REQUIREMENT:
Leaving out all pictures, return exactly the lines from the one that contains "Berlín, Alemania. 12th" through the end of the data below.

DATA:
• • •
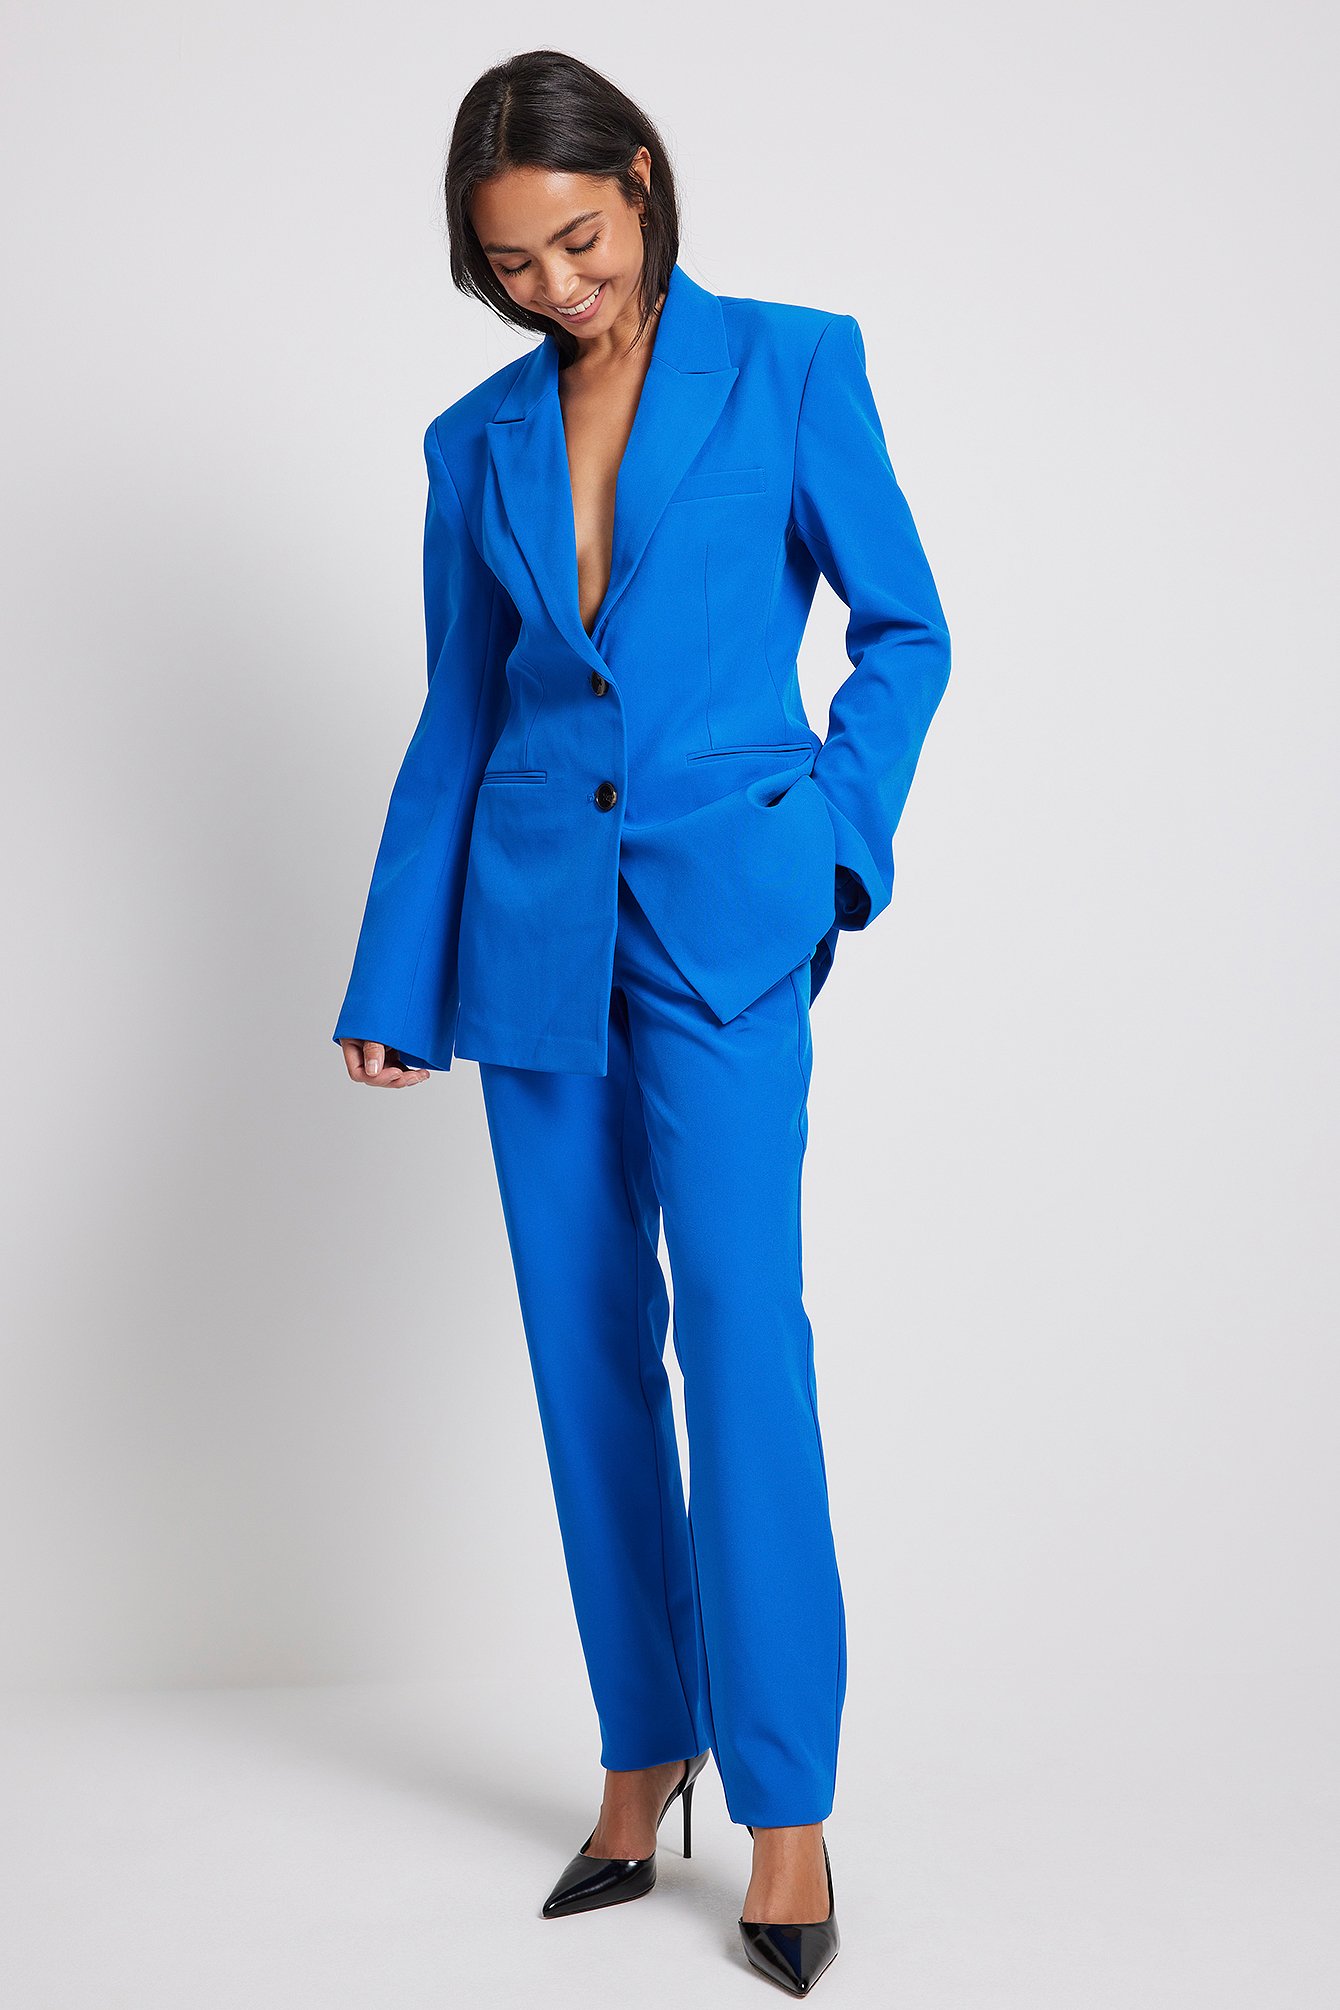 Damen Bekleidung Jacken Blazer Sakkos und Anzugsjacken NA-KD Synthetik Classic Spitz zulaufende Anzughose 
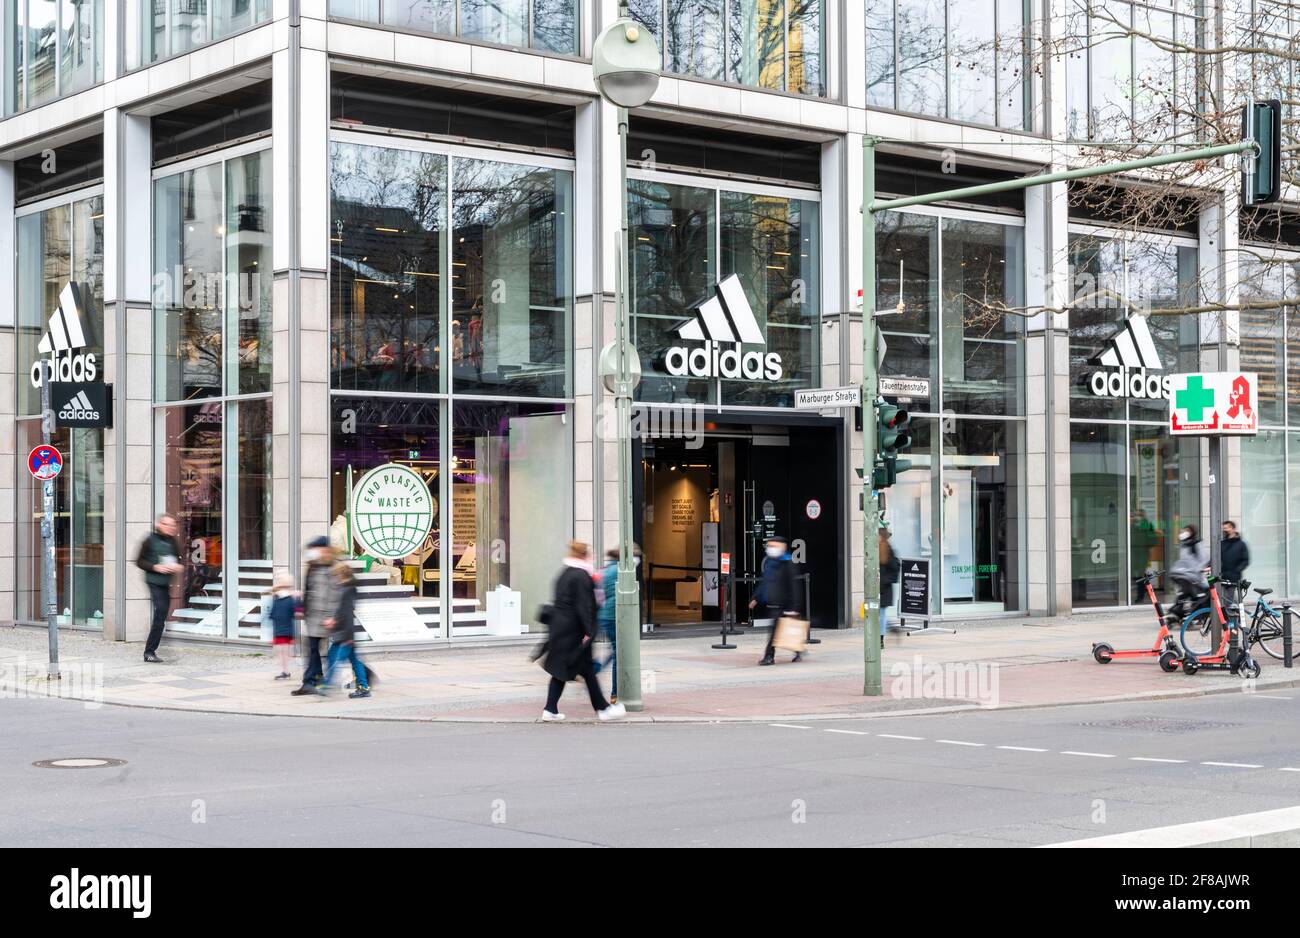 Berlín, Alemania. 12th de Abr de 2021. La gente pasa por la tienda Adidas en Tauentzienstrasse. Los grandes fabricantes de marcas como Adidas, Miele y Co. Están eludiendo cada vez más
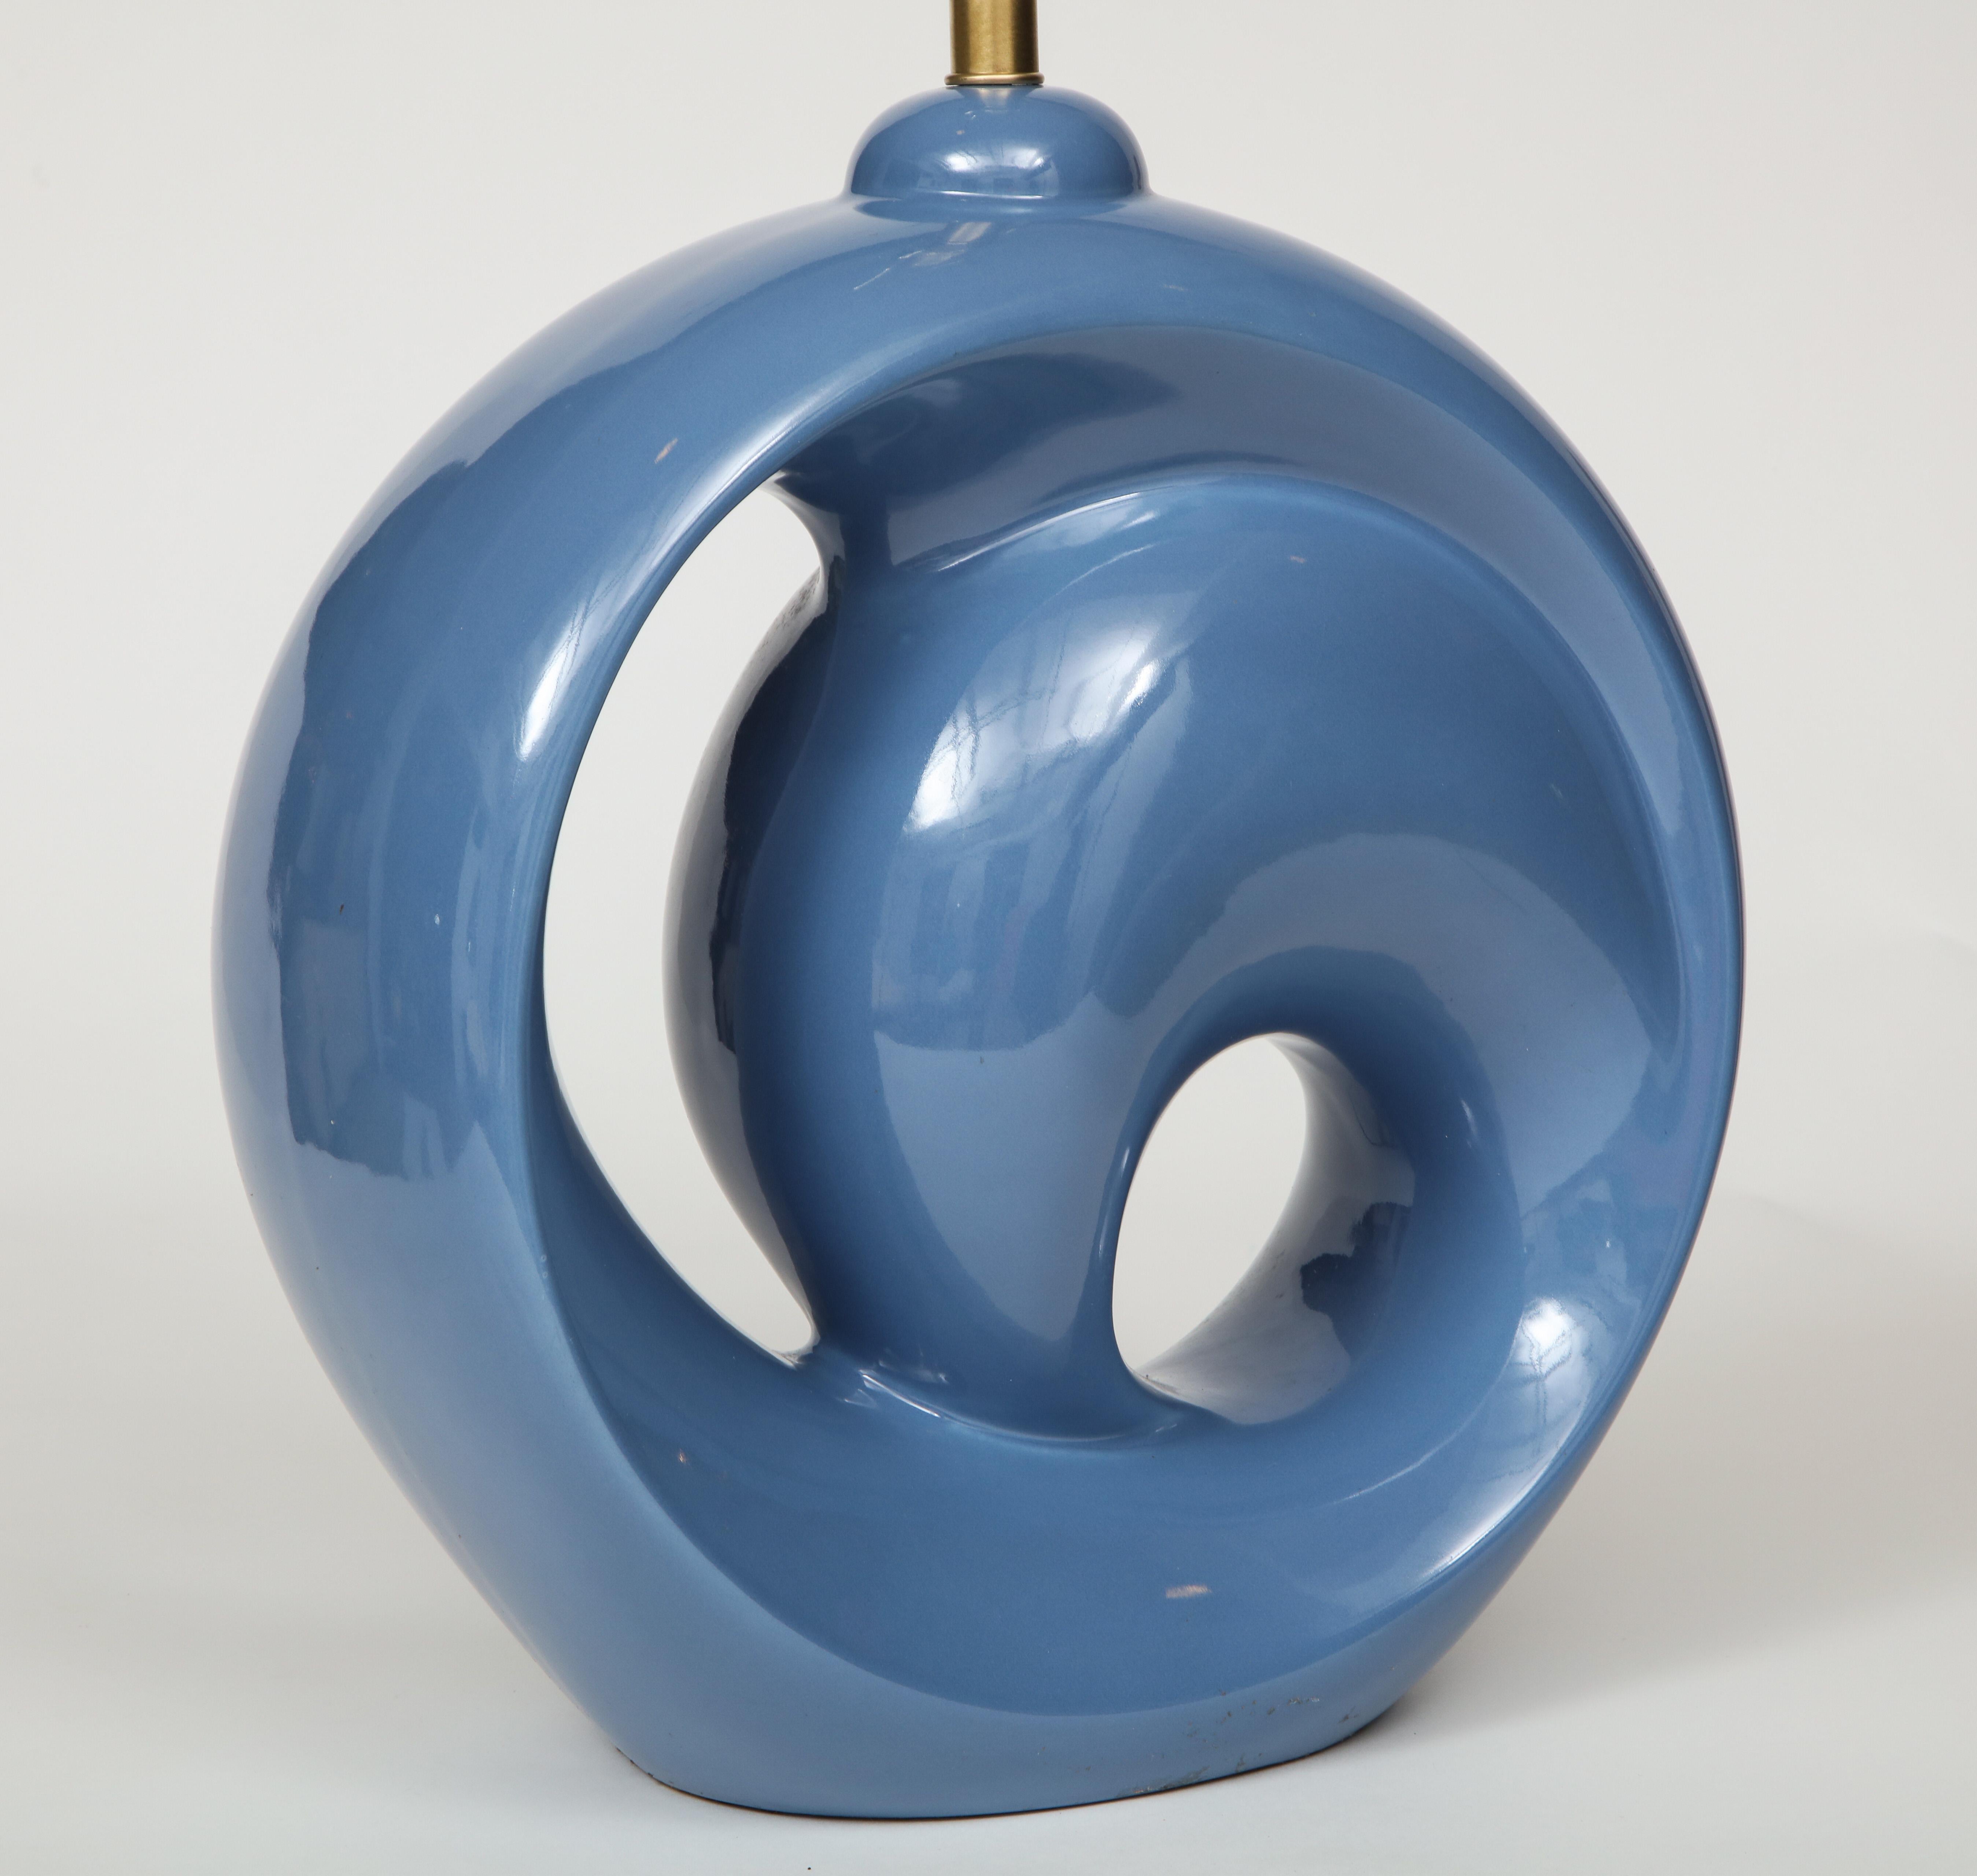 20th Century Midcentury Cornflower Blue Porcelain Lamps For Sale
• • •
SOLUTION TO THE PROBLEM:
 Berlín, Alemania. 12th de Abr de 2021. La gente pasa por la tienda Adidas en Tauentzienstrasse. Los grandes fabricantes de marcas como Adidas, Miele y Co. Están eludiendo cada vez más
 20th Century Midcentury Cornflower Blue Porcelain Lamps For Sale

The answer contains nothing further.